Talk to any state agency head or public employee representative, and you might think workers are fleeing state government in droves, or avoiding it for better opportunities. The cause? Low pay, when comparing state workers to their private sector counterparts.
But the government sector is expanding in South Carolina, generally speaking.
Government grew by 400 jobs in January. Payrolls grew by 2,600 government jobs from January 2017 to January 2018. The government was one of the fastest growing industries last year behind leisure and hospitality, manufacturing, and education and health services, which grew by 7,300, 7,200 and 4,900 jobs, respectively.
The data was adjusted to remove the effect of seasonal patterns on hiring data.
Of the state’s roughly 37,000 full time employees—excluding teachers, employees at universities, and local government employees—nearly one-fourth are within five years of retirement eligibility.
Officials fret the state will be unable to attract young workers, who are drawn primarily by competitive salaries, to fill the gaps.
A 2016 compensation study found state salaries lagged private sector salaries by 18 percent.
But comparing public and private sector wages is like comparing apples and oranges. Many jobs don’t exist in both the public and private sectors. Governments have police forces and corrections officers. Private businesses don’t. Conversely, governments don’t produce consumer goods, so exact comparisons between public and private sectors don’t exist in some cases.
The salary disparity is often felt across state jobs with a private sector counterpart, however.
Proponents of across-the-board raises for state workers often fail to acknowledge one of the salary report’s key findings by Kenning Consulting—the classification and compensation plan needs redesigning before applying a significant increase.
“Otherwise, you run the risk of putting “new wine into an old wine skin” and this may exacerbate some of the issues with the current plan highlighted in the analysis in this report,” according to the findings.

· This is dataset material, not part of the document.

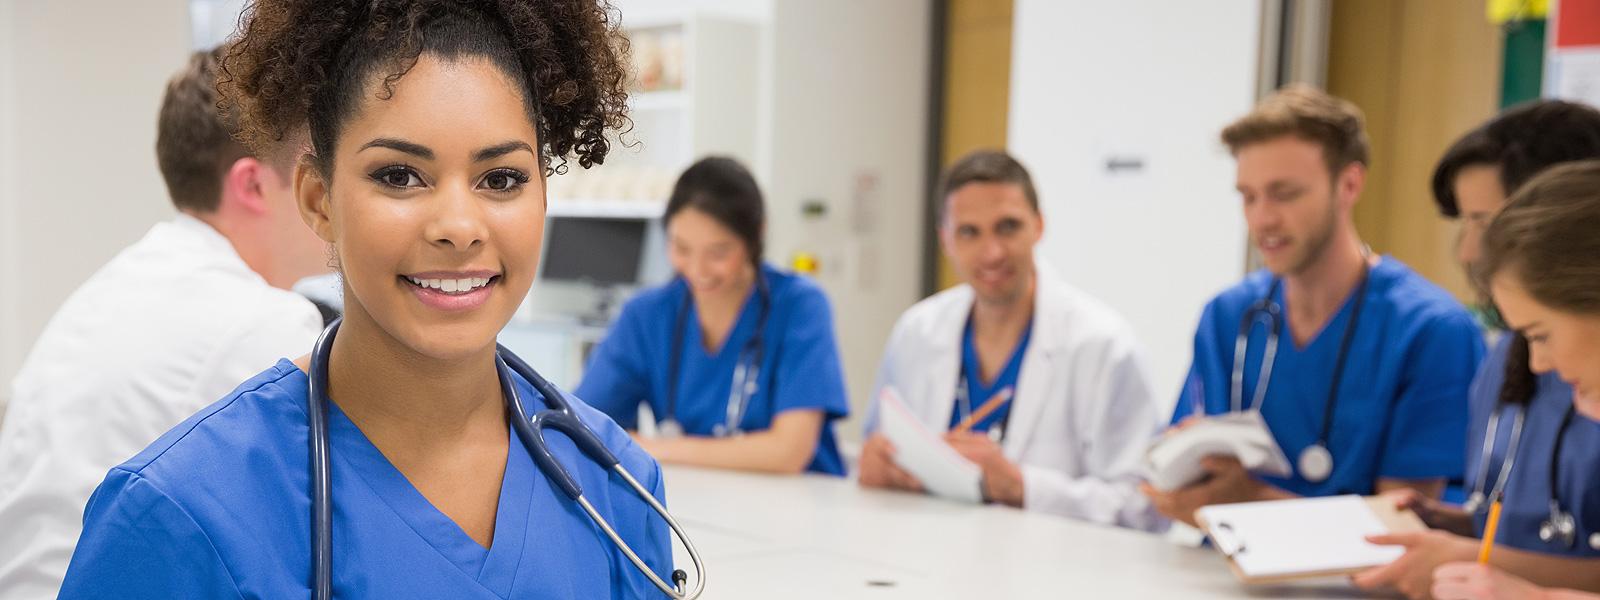 تحصیل در رشته پزشکی در استرالیا

I was curious to know what compensation would look like to a job seeker sorting through the 687 available jobs listed on the state’s job site—jobs.sc.gov.
Here’s what I found—
Job descriptions vary widely for the same job title.
The description of one opening for an entry level administrative assistant read like an opening for a paralegal role. No state paralegal classification exists, according to the 2016 study.
Salary ranges for the same job title vary widely across agencies (and the ranges are often broad).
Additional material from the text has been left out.